A 6mm to 7mm channel gap pot skirt increases heat transfer efficiency by ~ 25%.

Simmering at the needed low firepower can save a lot of fuel, too.

Visiting SSM

New SSM Health/Climate Biomass Heating Stove Buildings

Here is a video I made last week, introducing some of the the new things I saw on my visit to Shengzhou Stove Manufacturer (SSM). I keep on saying in the video (Sorry!) how much I admire Mr. and Mrs. Shen. Mr. Shen is a great engineer who has built the new buildings, installed the machines, and taken the ideas that Dr. Winiarski brought to him and manufactured over five million durable, affordable Rocket stoves. Mrs. Shen runs the business, does HR, sells the stoves, etc. 

An amazing combination! Daughter, Kristina and nephew Chenkai, are being trained to assist the business. You’ll meet the younger generation in the video. Kristina went to the University of Oregon and is now a Vice President at SSM. Chenkai leads a team selling stoves out of his offices in Shenzen.

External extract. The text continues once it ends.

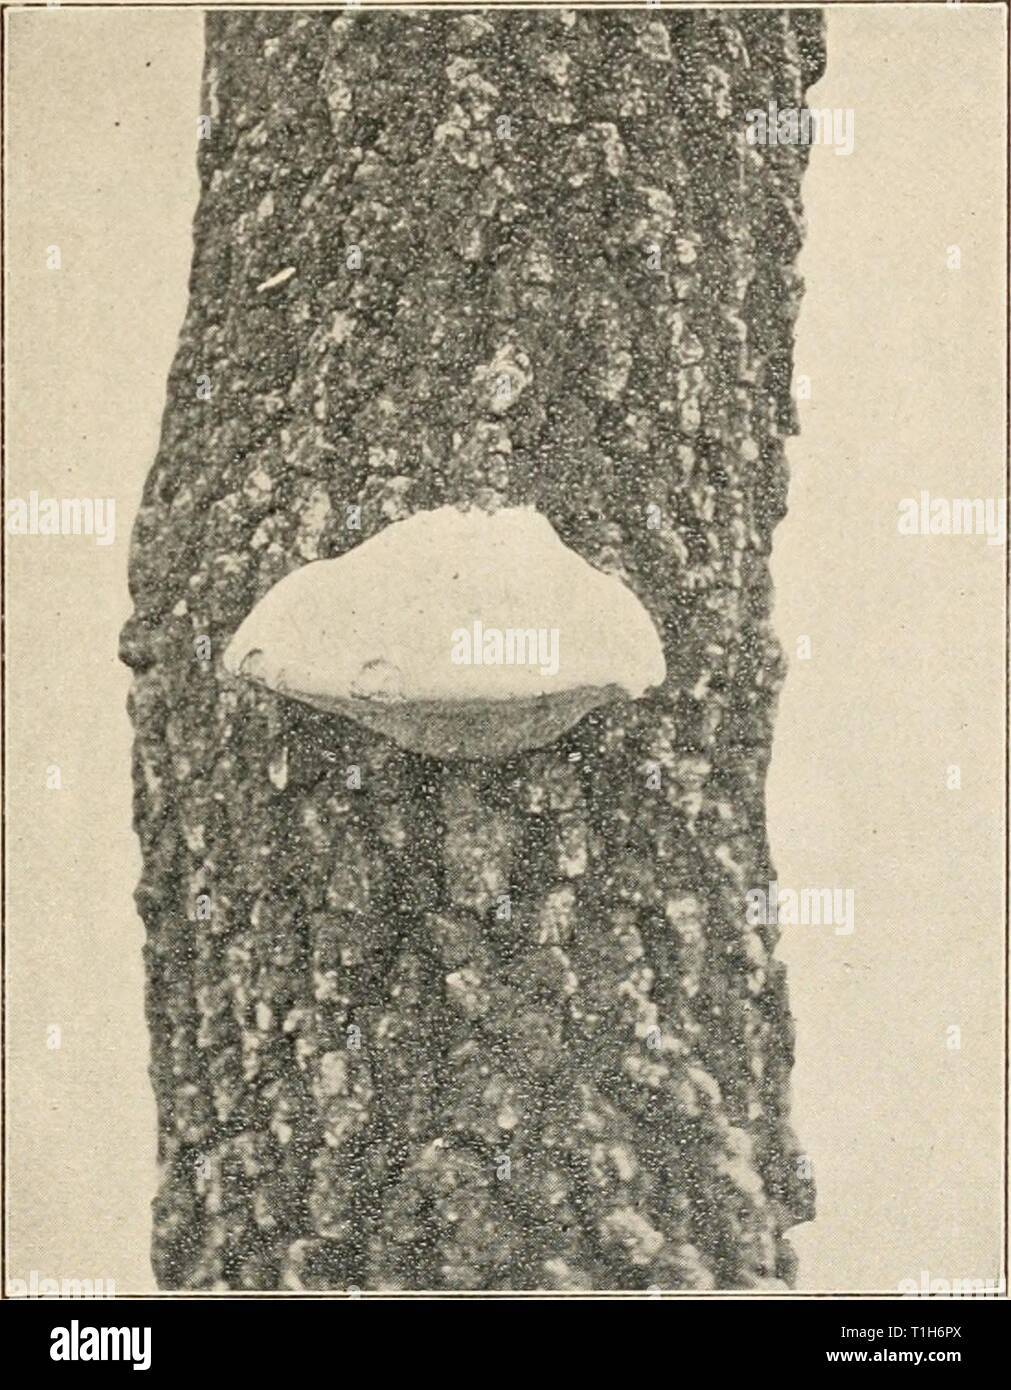 Diseases of deciduous forest trees Diseases of deciduous forest trees  diseasesofdecidu00schruoft Year: 1909  DISEASES CAUSED BY WOUND FUNGI. 41 SOFT ROT OF OAKS CAUSED BY POLYPORUS OBTUSUS. A number of species of the black oaks, notably Quercus marilandica Muench. and Q. velutina Lam., are affected with a disease of the heart- wood which has been determined by Spaulding (94) to be due to Poly- j)orus ohtusus Berk. Diseased trees have been found in the eastern part of the United States, and notably in the central Mississippi Val- ley; a large number of trees are usually found aft'ected in a lo Stock Photo

I walked around new buildings, tested clean burning stoves (including the Jet-Flame and forced draft TLUD) and saw a new wing being built (above) with huge machines to make health/climate biomass heating stoves, a new venture. Since 1976, Aprovecho has helped approximately one hundred stove projects, with SSM becoming the most commercially successful, rolling profits into expanding capacity.

What a joy to visit!

SSM manufactured rocket stoves with fires burning in them

Durability Testing at SSM

SSM manufactured rocket stoves with fires burning in them
Year-long durability testing with real fires

I just returned to the Oregon lab from a two-week visit to Shengzhou Stove Manufacturer. The next few newsletters will be about SSM and progress made. There’s a lot to talk about! SSM has sold over 5 million stoves and the factory is a wonderful place to visit. 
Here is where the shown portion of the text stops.